- News
30 July 2012
Plessey takes delivery of Aixtron reactor for new GaN-on-Si HB-LED production line
UK-based Plessey Semiconductors Ltd has taken delivery of a CRIUS II-XL metal-organic chemical vapor deposition (MOCVD) reactor (in 7x6-inch wafer configuration) from deposition equipment maker Aixtron SE of Herzogenrath, Germany (which announced the order in mid-June). The procurement is the first part of a multi-million pound investment by Plessey to create a production line for its new high-brightness LED (HB-LED) products. These will use Plessey’s MaGIC (MAnufactured on Gan ICs) technology of GaN on 6-inch silicon substrates. Manufacturing will be at the firm’s Plymouth facility (creating new jobs).

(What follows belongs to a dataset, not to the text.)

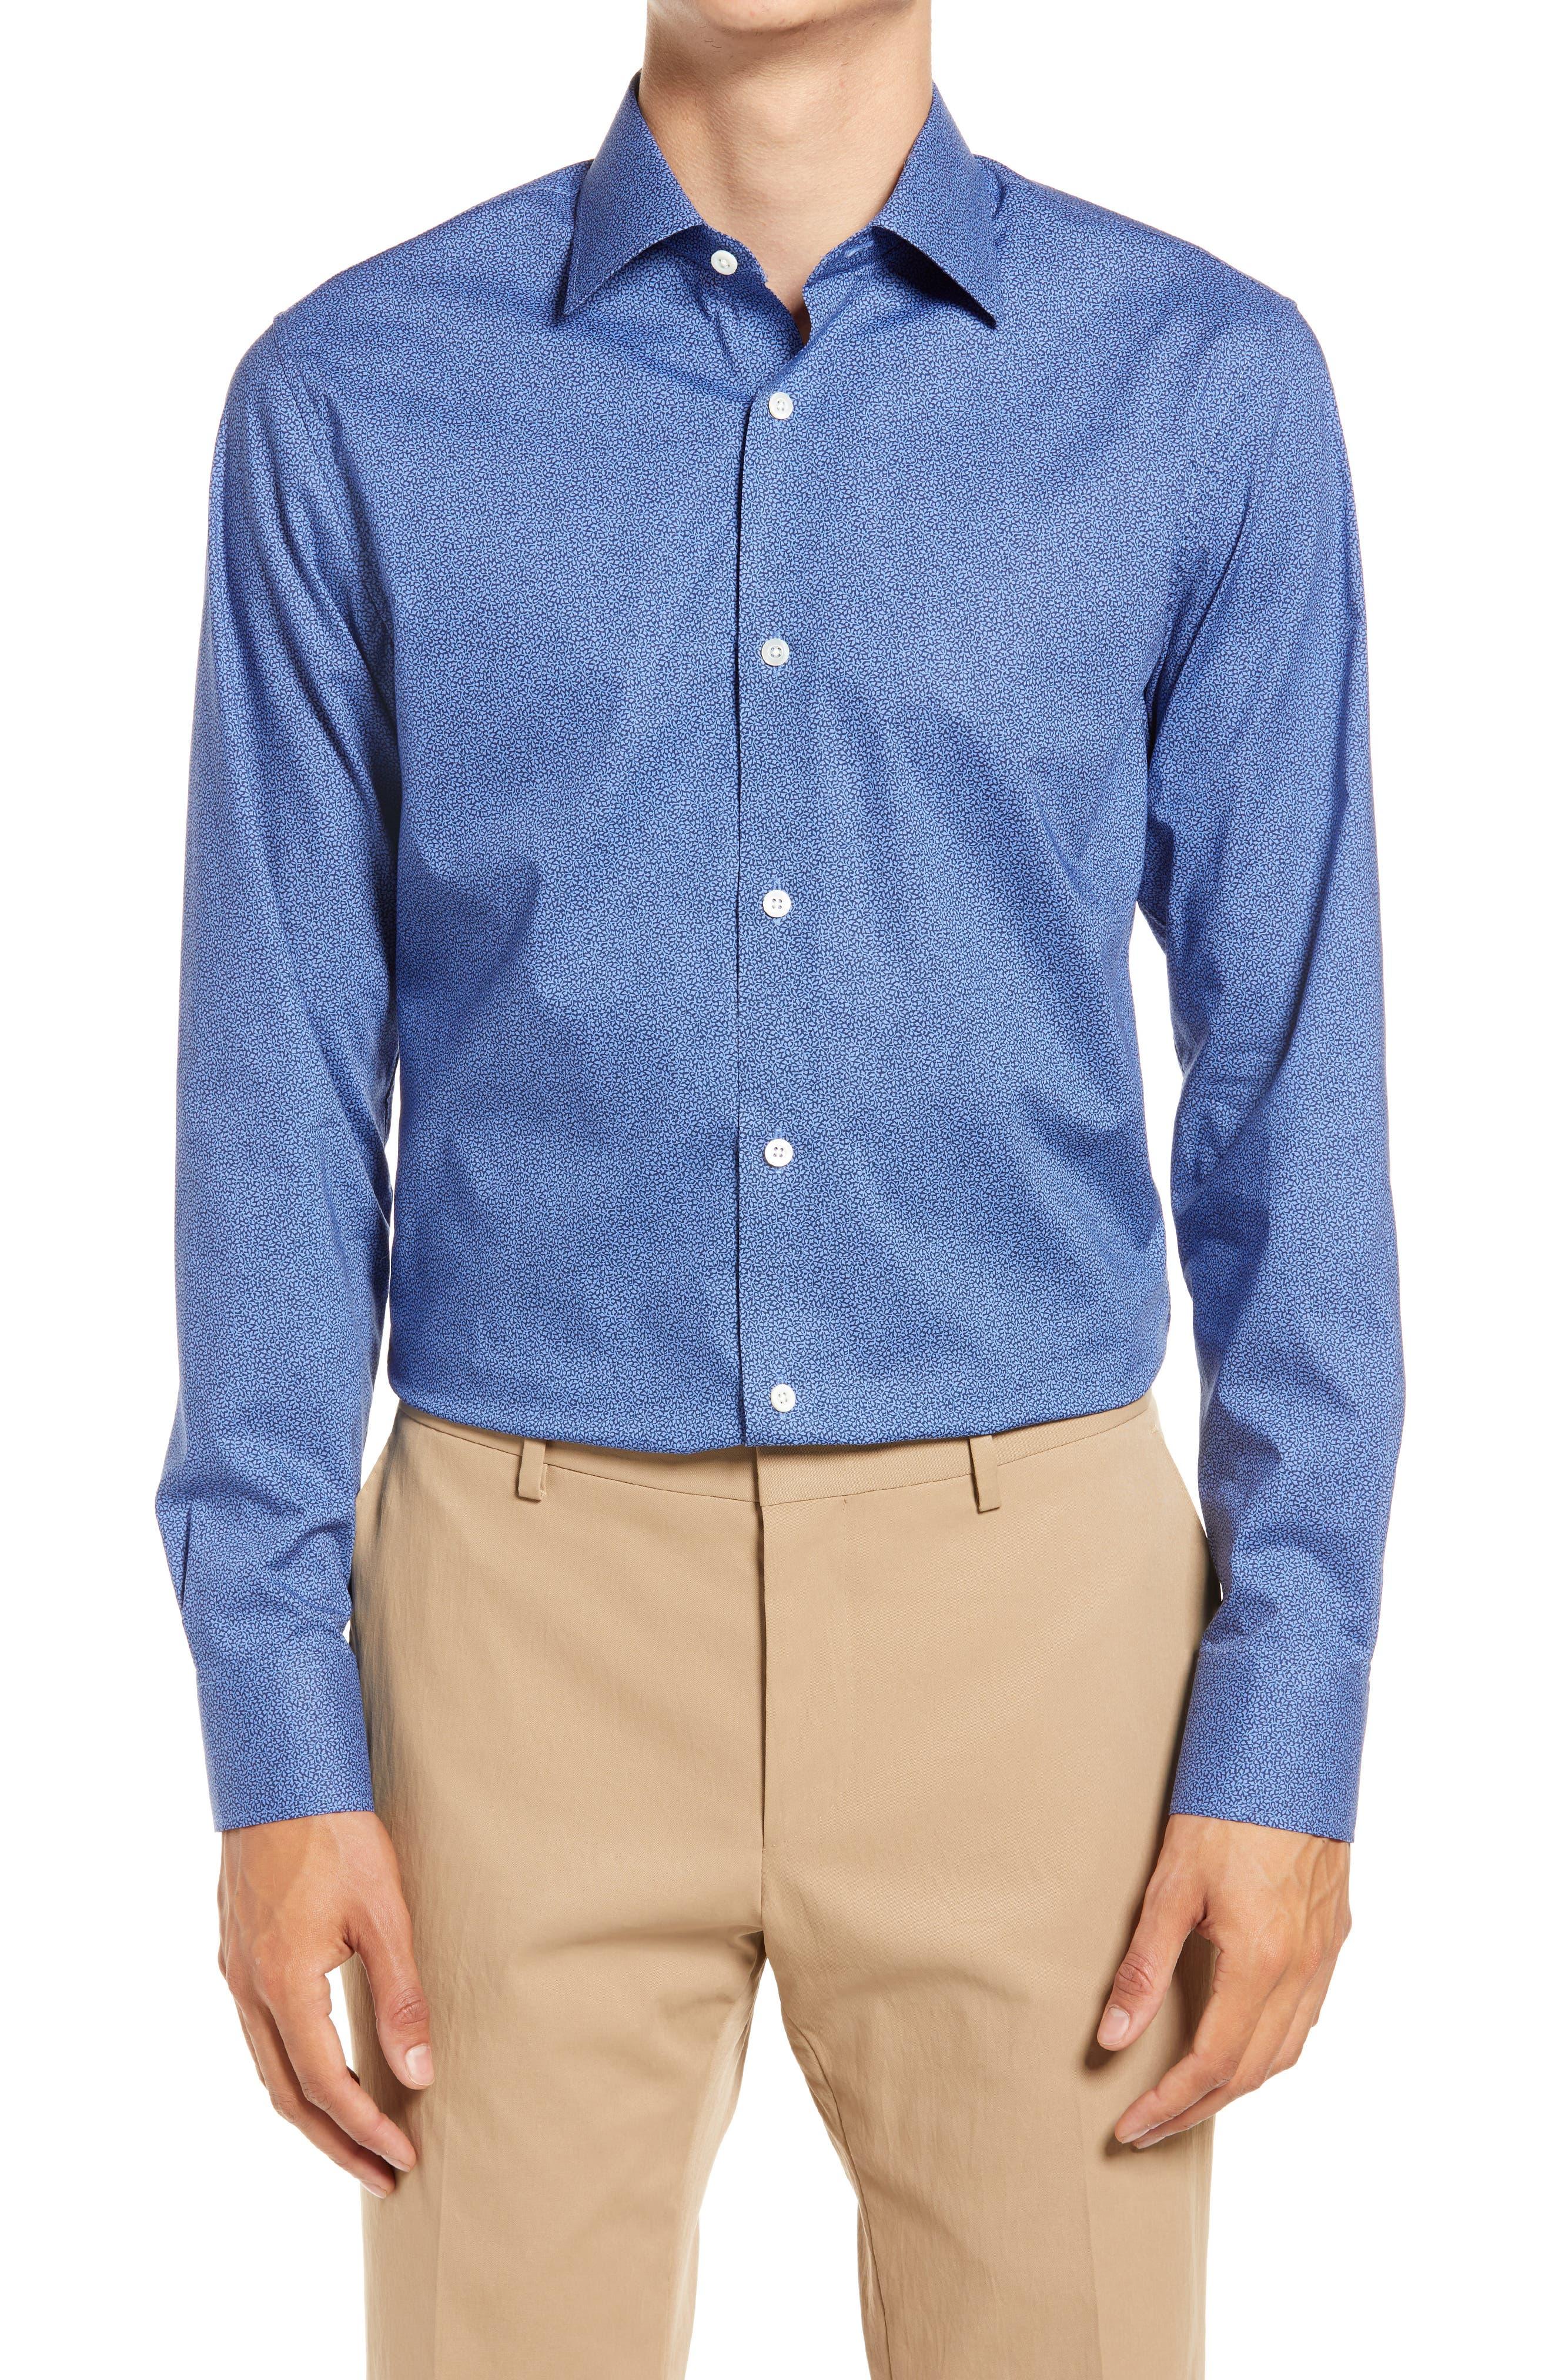 Jetsetter Slim Fit Vine Stretch Dress Shirt

“We use a much thinner GaN layer, at only 2.5µm, compared to 6-8µm in other GaN-on-Si technologies,” says Plessey’s HBLED product line director Neil Harper. “This means less deposition time, so that we can do multiple production cycles in the reactor in 24 hours to achieve higher throughputs and lower costs,” he adds.
Plessey claims to be one of the first firms to make working GaN-on-Si LEDs, with the first samples producing the correct wavelength output from Plessey’s 6-inch IC production line.
Plessey is using standard, readily available 6-inch silicon substrate, which offers significant cost reductions of about 80% compared to existing technologies using silicon carbide (SiC) or sapphire, which are expensive and difficult to scale up, the firm notes. Plessey aims to move to 8-inch substrates in the future to yield greater cost savings. Efficiencies in the new technology should enable outputs in excess of 150 lumens per watt to be achieved (much brighter than anything commercially available), it is reckoned. Typical MaGIC HB LEDs are yielding at 95%, providing over 14,000 1mm2, 1 Watt MAGIC HB LEDs per 6-inch wafer.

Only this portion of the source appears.